Symphonic Dances, Op. 45
05. I. Non allegro
06. II. Andante con moto (Tempo di valse)
07. III. Lento assai

Two large symphonic tone poems by the Russian composer Sergei Rachmaninov can be experienced on this release: the four-movement symphonic poem ‘The Bells’ (‘Kolokola’) op 35, based on a poem by Edgar Allan Poe, for solo voices, choir and orchestra, composed in 1913, and the three ‘Symphonic Dances’ op 45 from 1940 – the last completed work by the composer, who died in 1943. These outstanding performances of significant compositions of the early 20th-century symphonic repertoire are conducted by Mariss Jansons.

Rachmaninov’s The Bells is of vast scope, setting an adaptation of a poem by Edgar Allan Poe (free enough that the Russian text is generally retranslated into English, as in the graphics here) depicting bells that mark the entire life cycle of an individual. The composer sometimes referred to it as his third symphony, and indeed it has that kind of synoptic ambition. It is written for a large orchestra, a choir, and three soloists, and all the legs of this triad are superbly realized here. Sample the third movement, which represents the tumult and misery of everyday life: conductor Mariss Jansons, leading the Bavarian Radio Symphony Orchestra, shows why the group is one of the absolute best in the world in this kind of large-ensemble repertory. It’s gripping. The choir has a solidly consistent rich Germanic sound that contrasts nicely with the styles of the three soloists, all Russian.
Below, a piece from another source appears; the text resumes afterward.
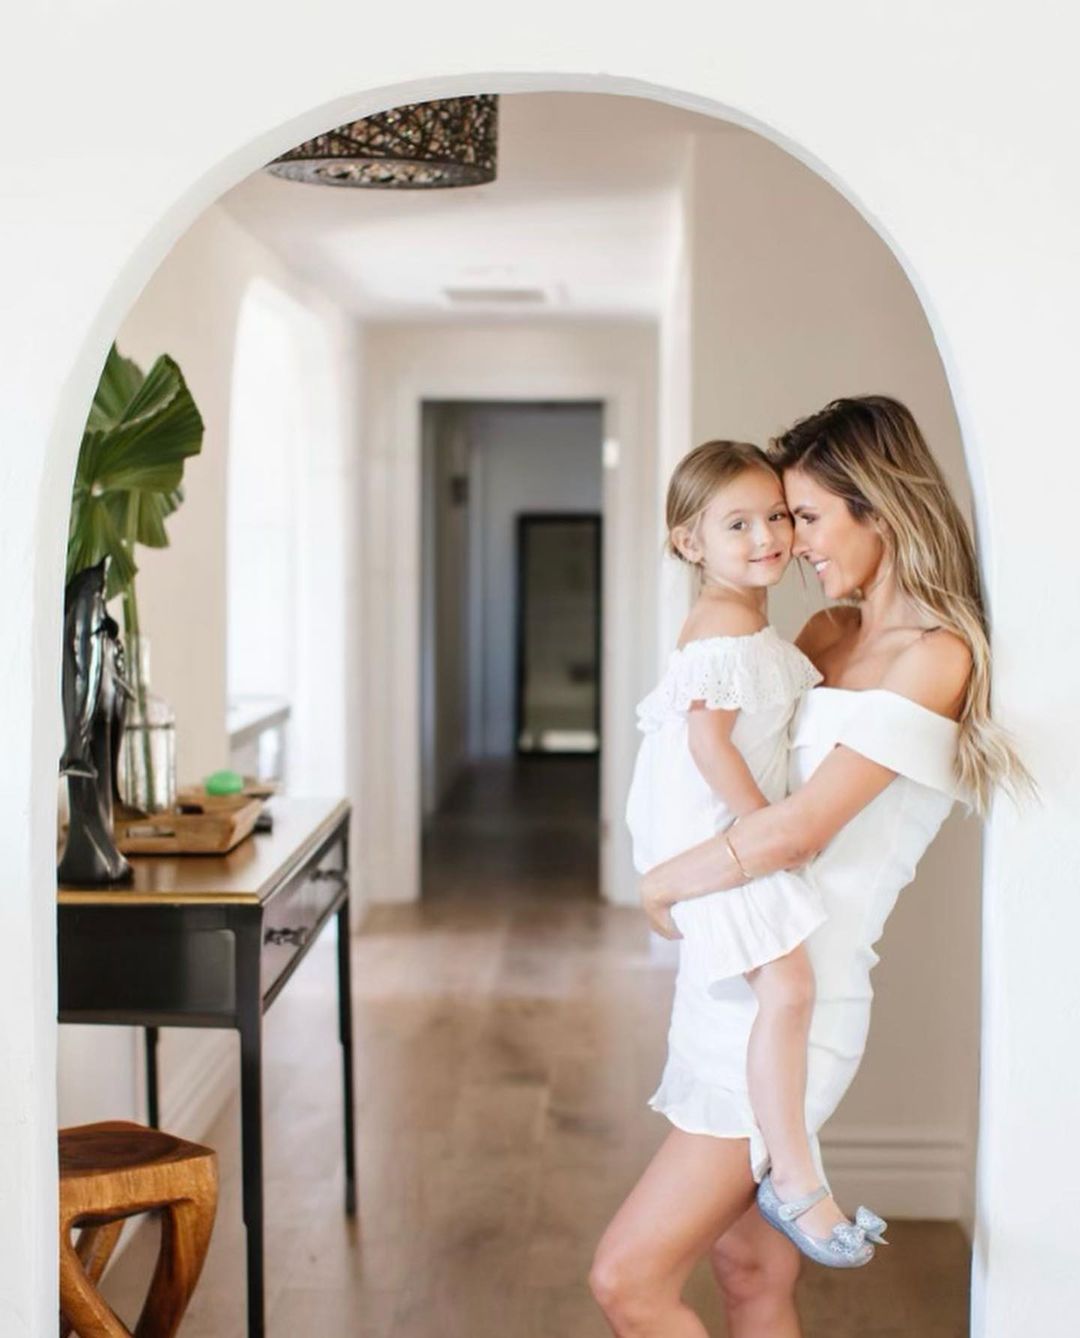 Audrina Patridge with her daughter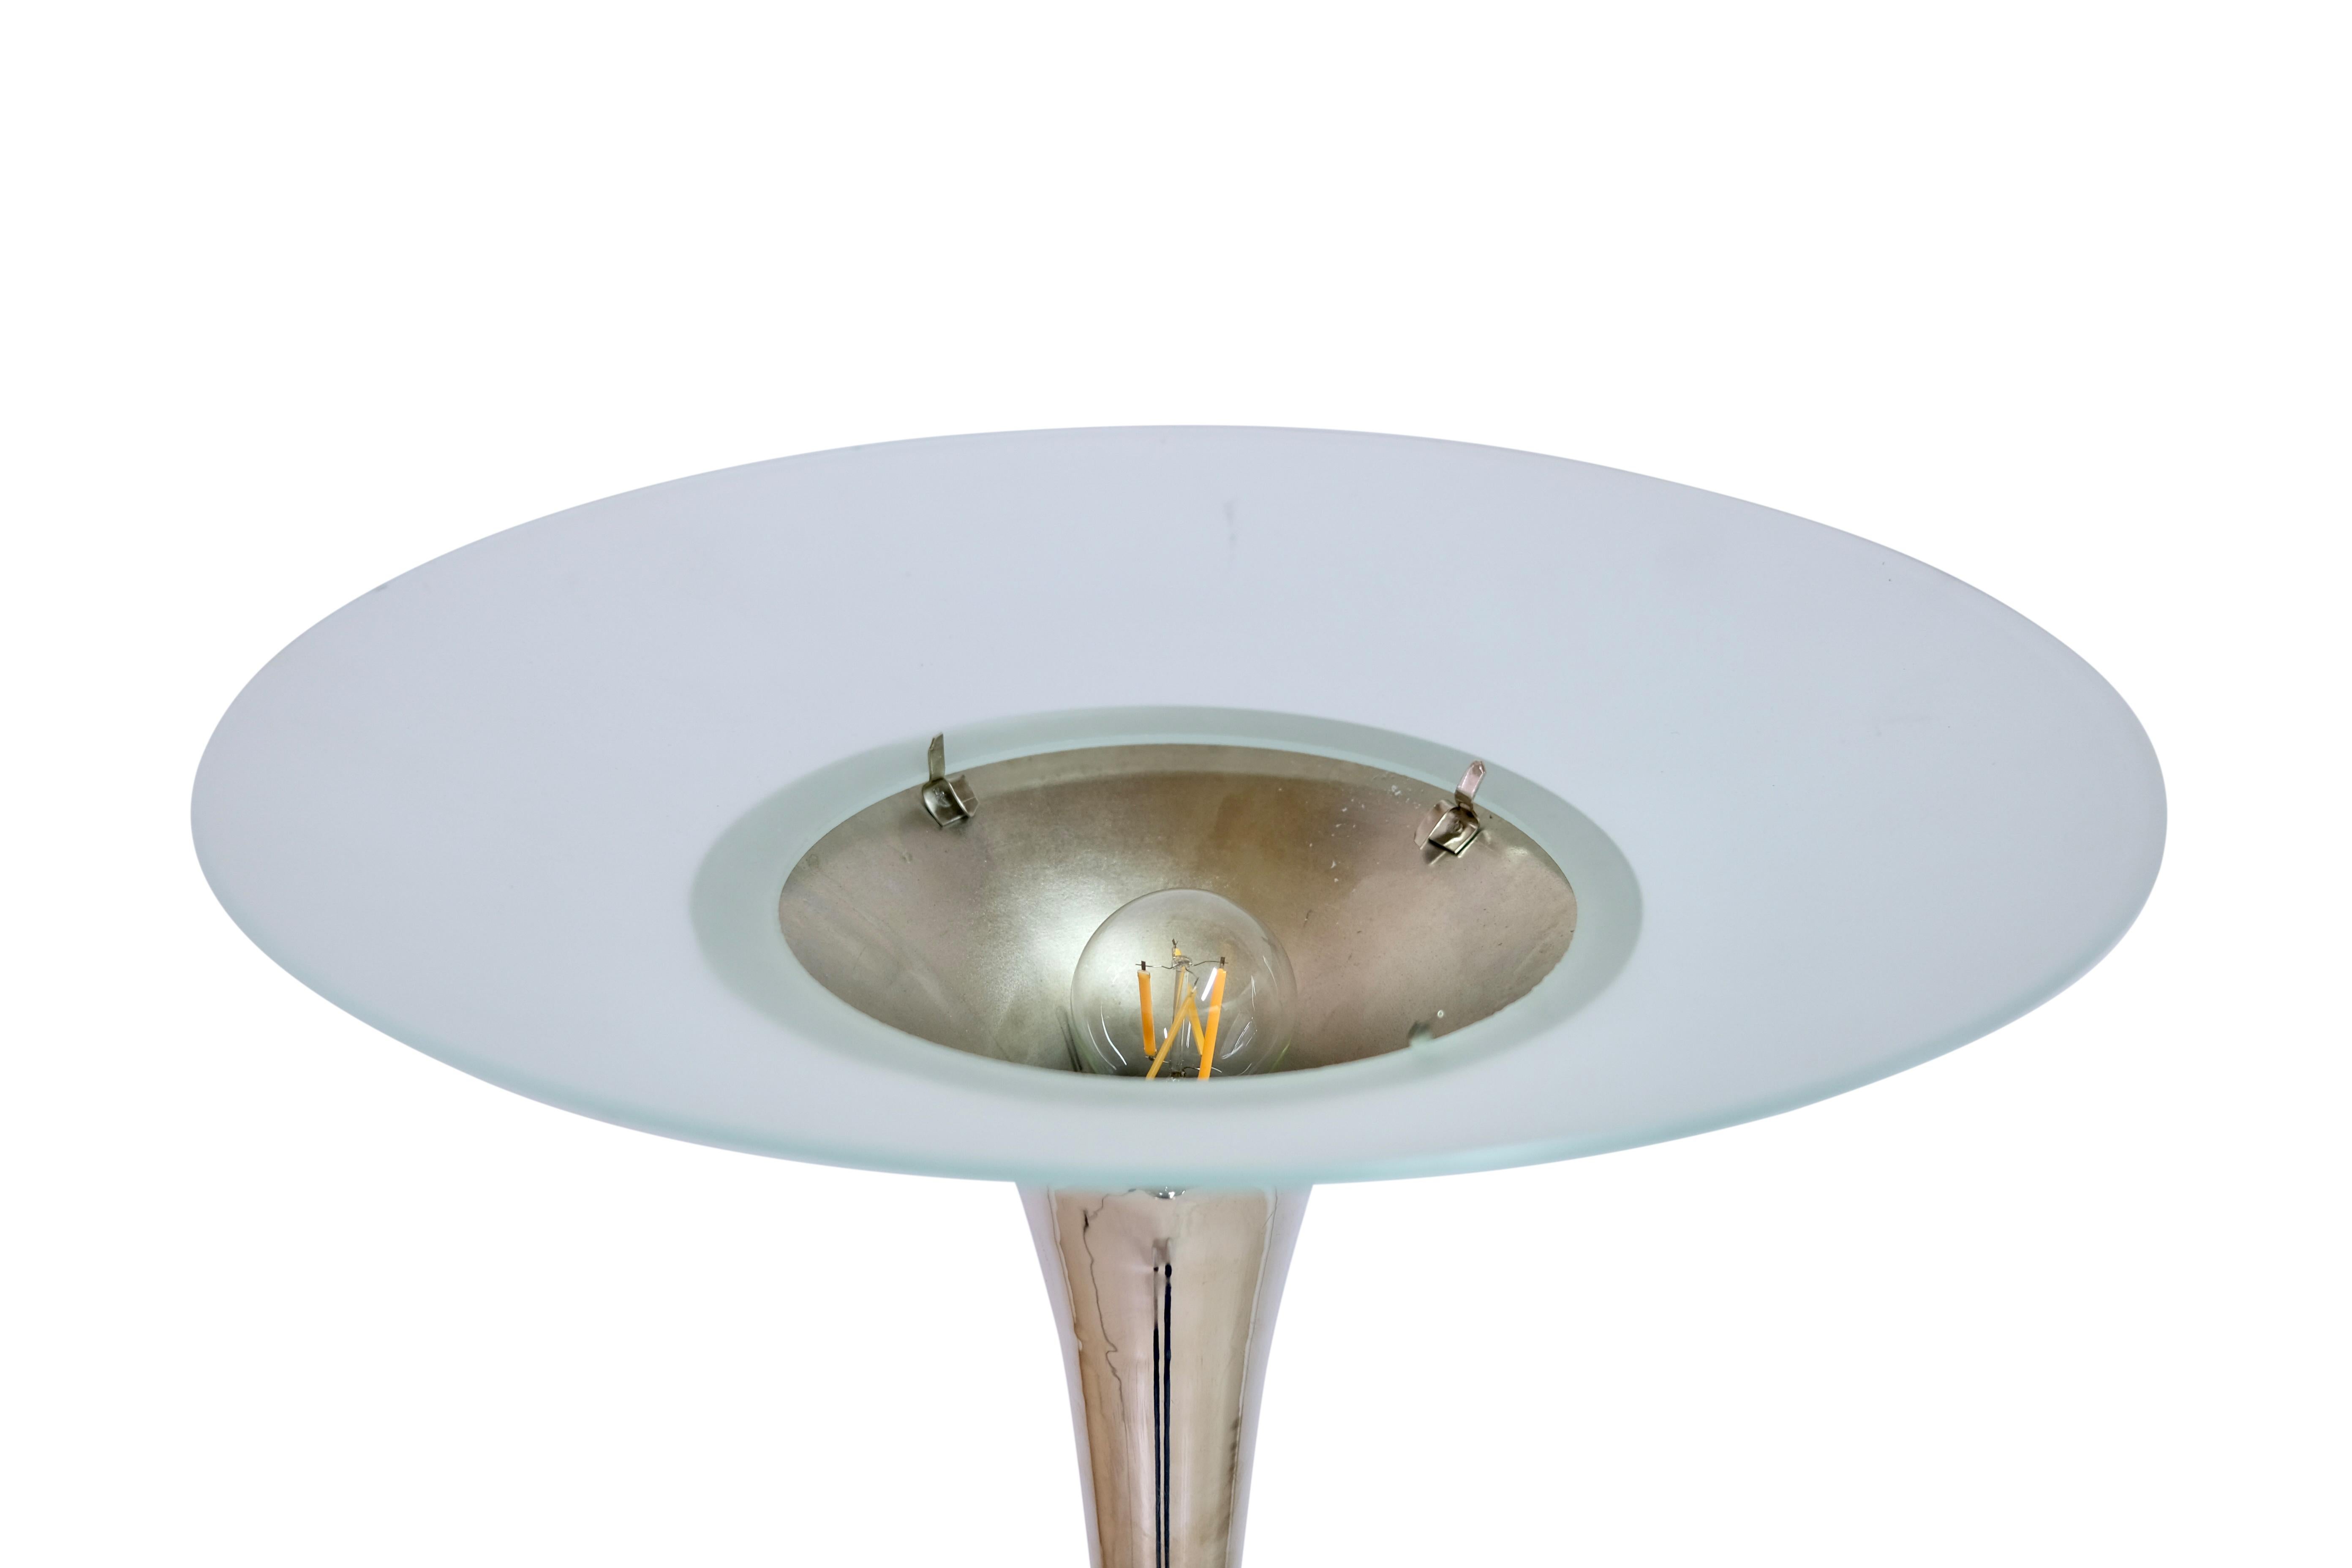 Polished Funnel Shaped French 1930s Art Deco Floor Lamp in Chrome with Orange Glass Rings For Sale

Everything falls into place here, and while there are fine Russian versions of the work, the electricity of the live performance here, very nicely recorded by Bavarian Radio’s own engineers, puts this version in a class by itself. The late Symphonic Dances, Rachmaninov’s final work, has a different and somewhat nostalgic tone; it was the composer’s only work written entirely in the U.S. Its prominent saxophone part is especially evocative here. A top-notch Rachmaninov release all around.